The result shows that four out of the top 5 hours (6:00, 05:00, 07:00 and 01:00 EET) are at night or early morning at our time zone, which falls into the timeframe of 18:00 - 00:00 EST. This **implies that `share_posts` are more popular among users from North America**, and it has a **much higher chance of getting more points or upvotes during the evening to midnight timeframe at the EST time zone**. We also noticed that the differences in average points between the top 5 hours are smaller compared to those of average comments.

Unlike the average of number points, **the average number of comments seems to be more equally contributed by users from both North America and Europe** at their active hours. Additionally, users from these two continents appear to share an equal interest in `ask_posts`.

## Conclusion
In this project, we analyzed the data of Hacker News posts to study which type of posts and its submission time has an average higher number of comments.

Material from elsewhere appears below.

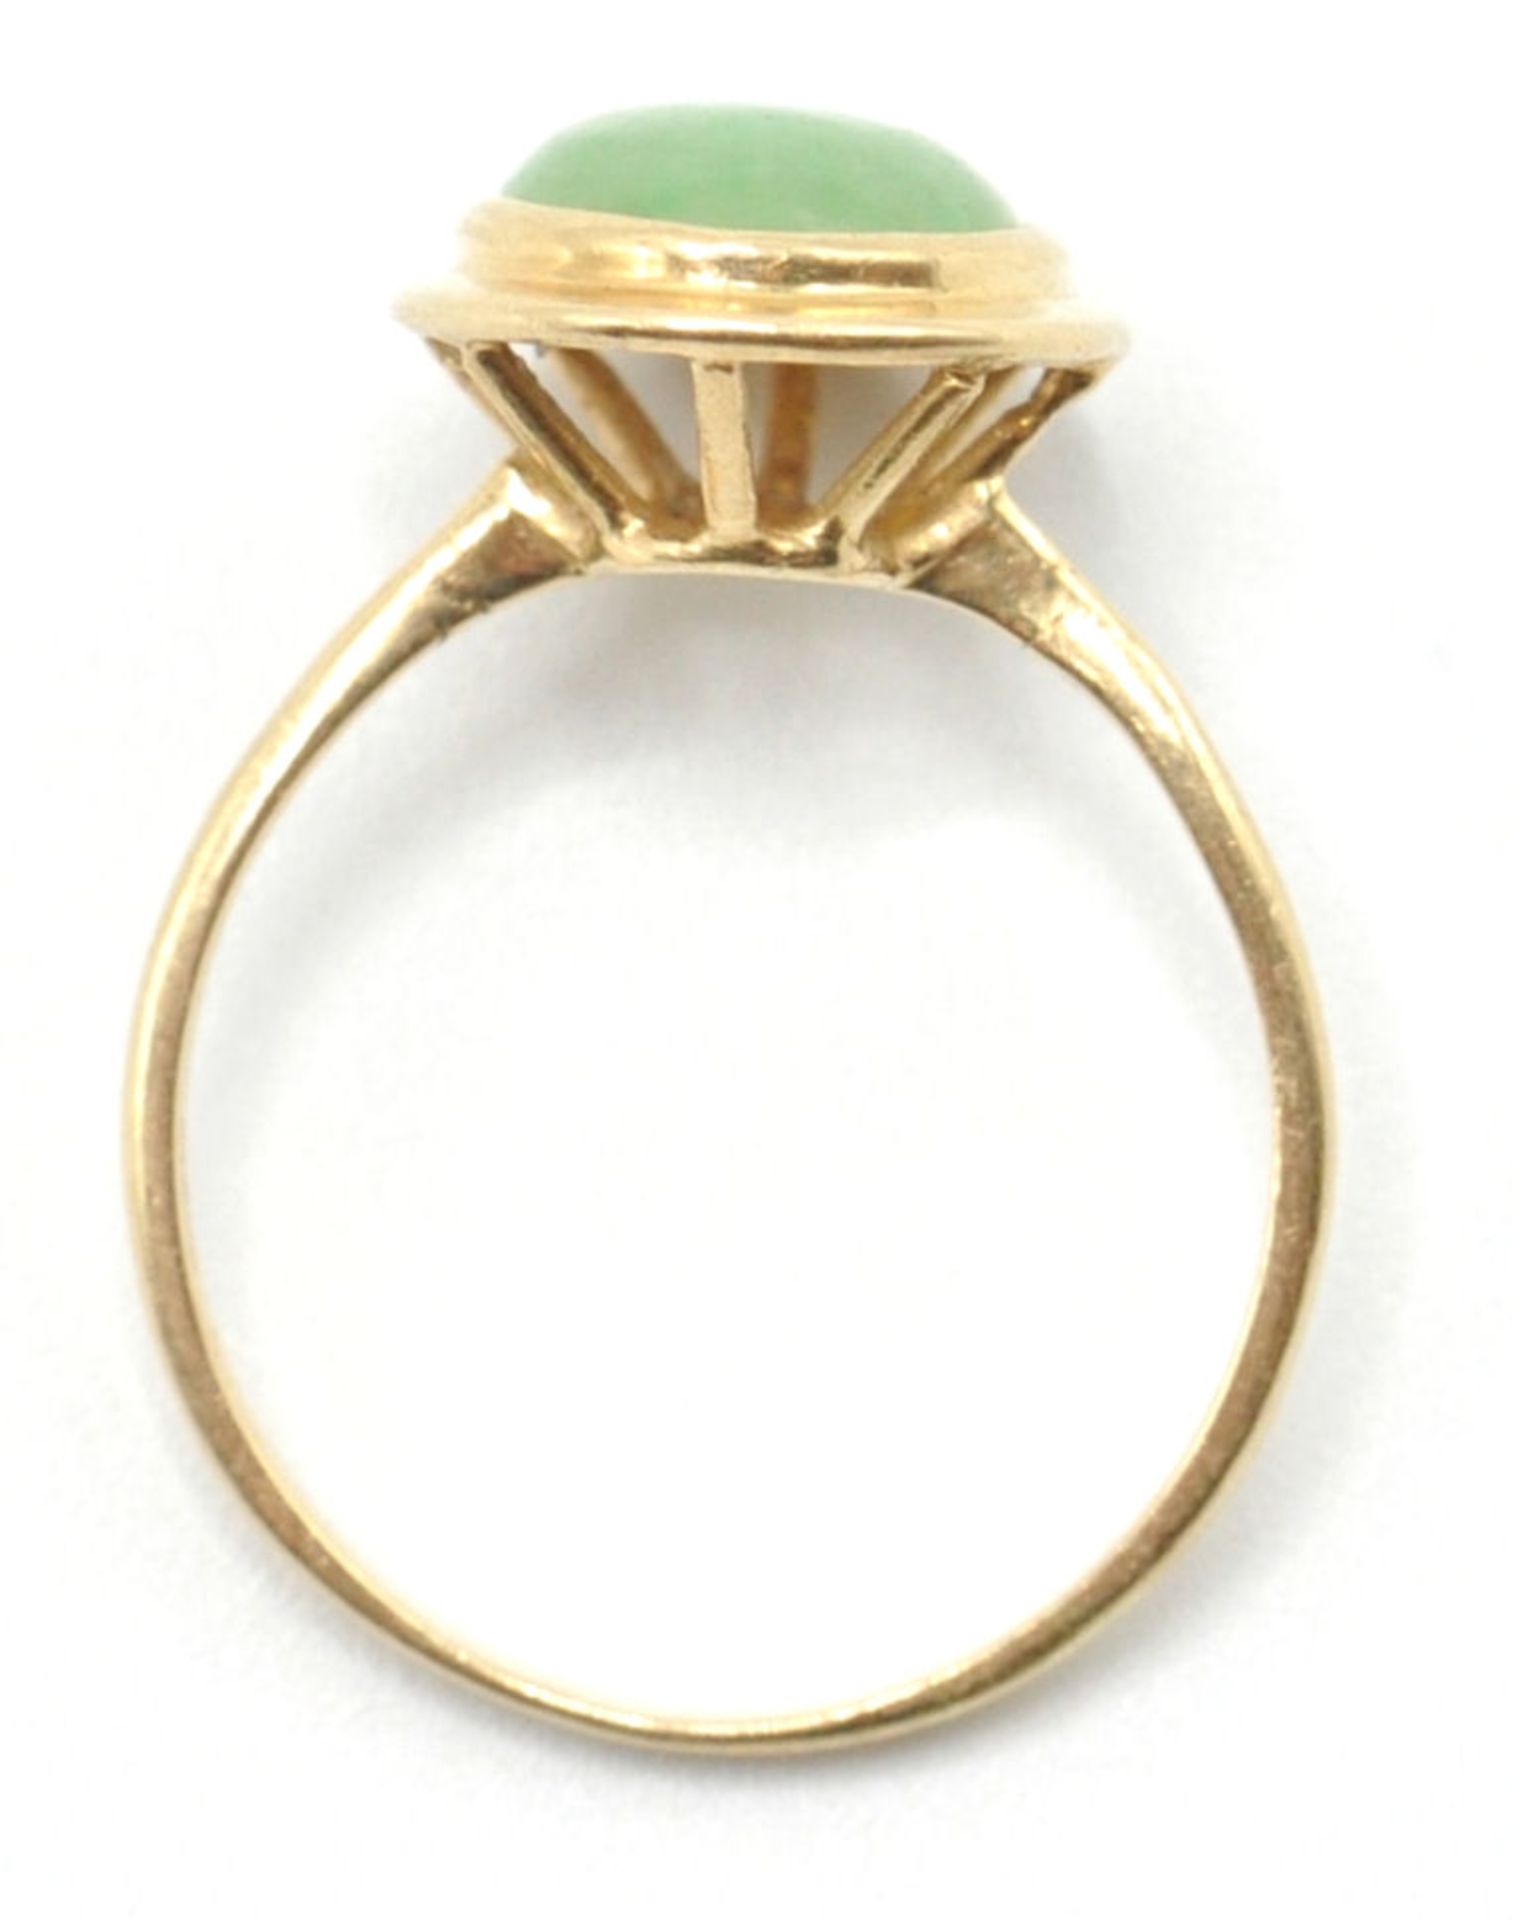 A stamped 585 14ct gold ring being set with an oval jade cabochon in a bezel setting. Weight 2.8g. - Bild 7 aus 7

We found that **`Ask HN` has a slightly higher number of comments** and receives the **most comments at the submission time of 15:00 EST**, which **equivalents to 22:00 EET at our time zone**. On the other hand, the **`Share HN` posses a higher average number of points** with the top hours of gaining points at **23:00 EST or 06:00 EET**.

This result serves as a useful guide for us to submit our posts, either `Ask HN` or `Share HN`, on Hacker News with a higher chance of gaining a high level of attention.